Tattoo Baby Doll Project

2000-2003

found dolls, embroidery; a collaboration with female tattoo artists

The inspiration for The Tattoo Baby Doll Project came from reading The Subversive Stitch: Embroidery and the Making of the Feminine by Rozika Parker and wondering what kind of imagery women were embroidering at the turn of the end of the 20th Century, while attending an artist residency in 1998 at the Headlands Center for the Arts in the San Francisco Bay Area and noticing that there were a lot of women with tattoos that reminded me of some of the historical embroidery images in Parker's book. On top of these two influences I had been collecting cloth bodied baby dolls during my cross country trip from NC to CA without any particular project in mind but just because I liked them.

Eventually the three influences converged and the idea formed.
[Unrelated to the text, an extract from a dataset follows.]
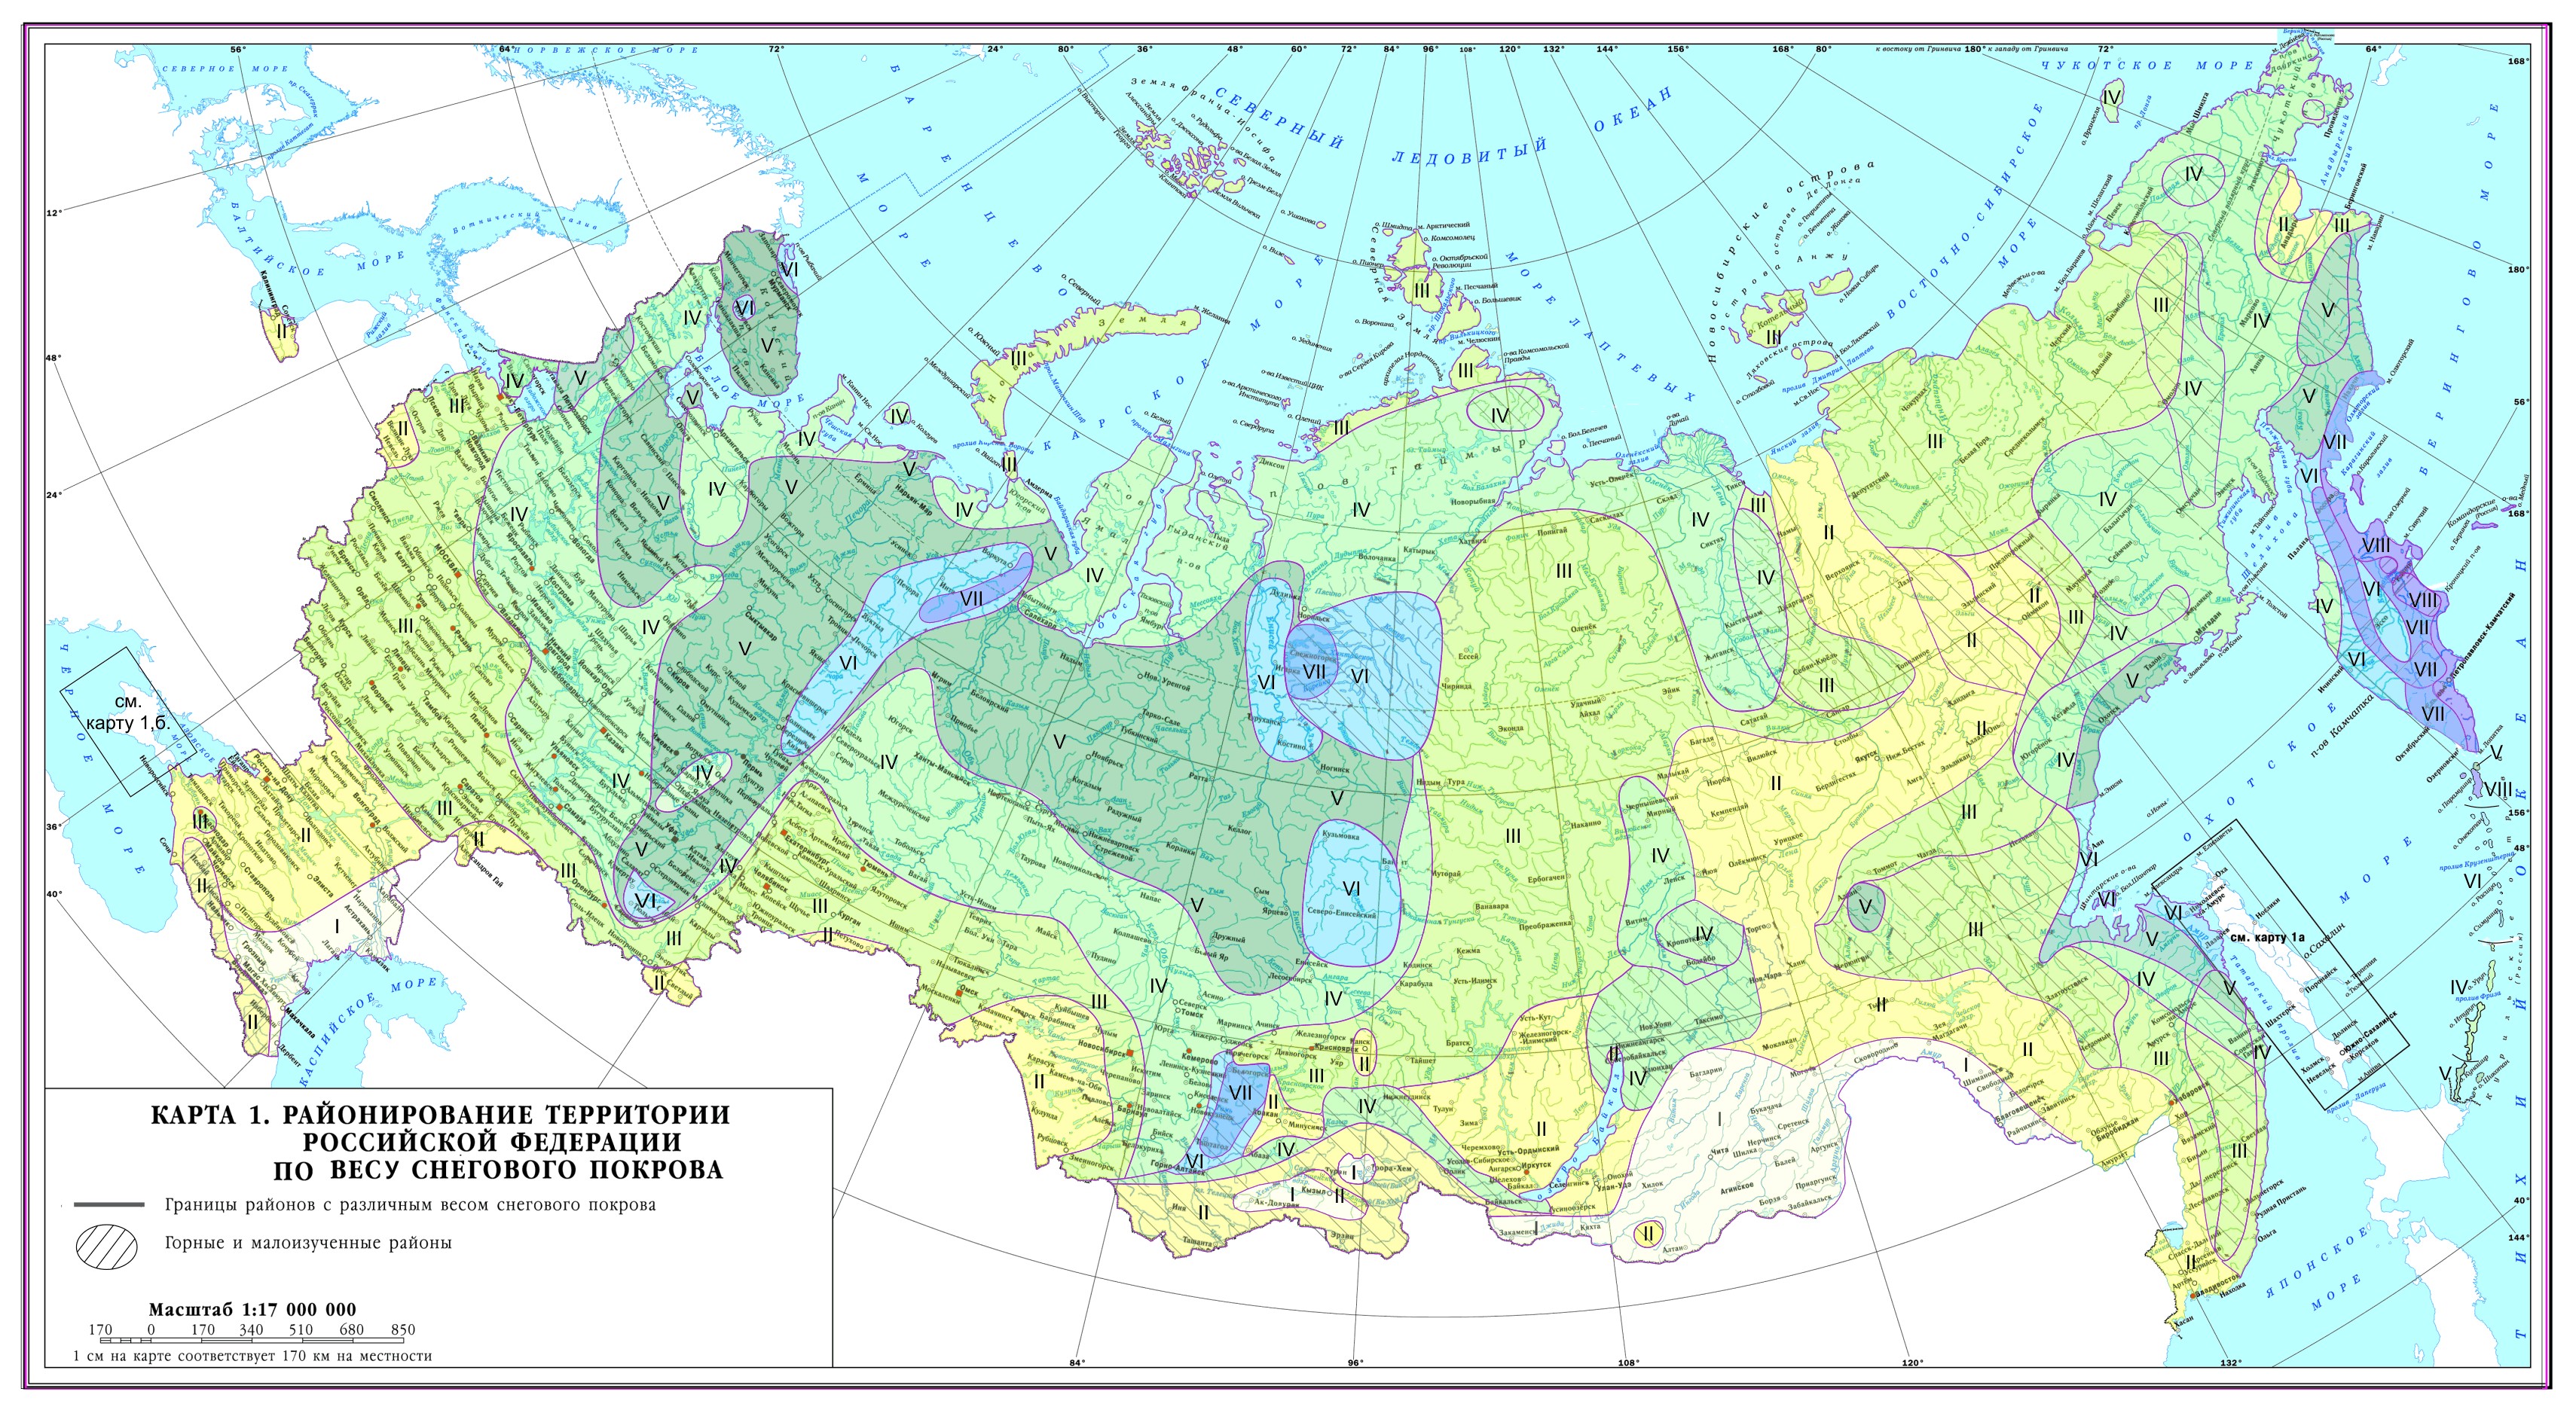 Карта сн��говых районов России

I researched female tattoo artists and at the time found only one source book on the topic, Bodies of Subversion: A Secret History of Women and Tattoo, by Margo Mifflin, which profiled many of the prominent women tattoo artists at that time. I began to contact some of the artists featured in Mifflin's book. Some agreed to participate in the project and they also led me to other female tattoo artists eventually included in this project.

The tattoo artists were each sent a couple of dolls to choose from. They then inked the dolls, named them, and wrote a statement or a narrative about their tattoos, and sent them back to me.

I embroidered the inked dolls to make it permanent, doing my best to emulate the style of each tattoo artist in thread. It takes about the same amount of time to embroider a back-piece of similar intricacy as it does to tattoo it. Many of these dolls took over a hundred hours to stitch by hand.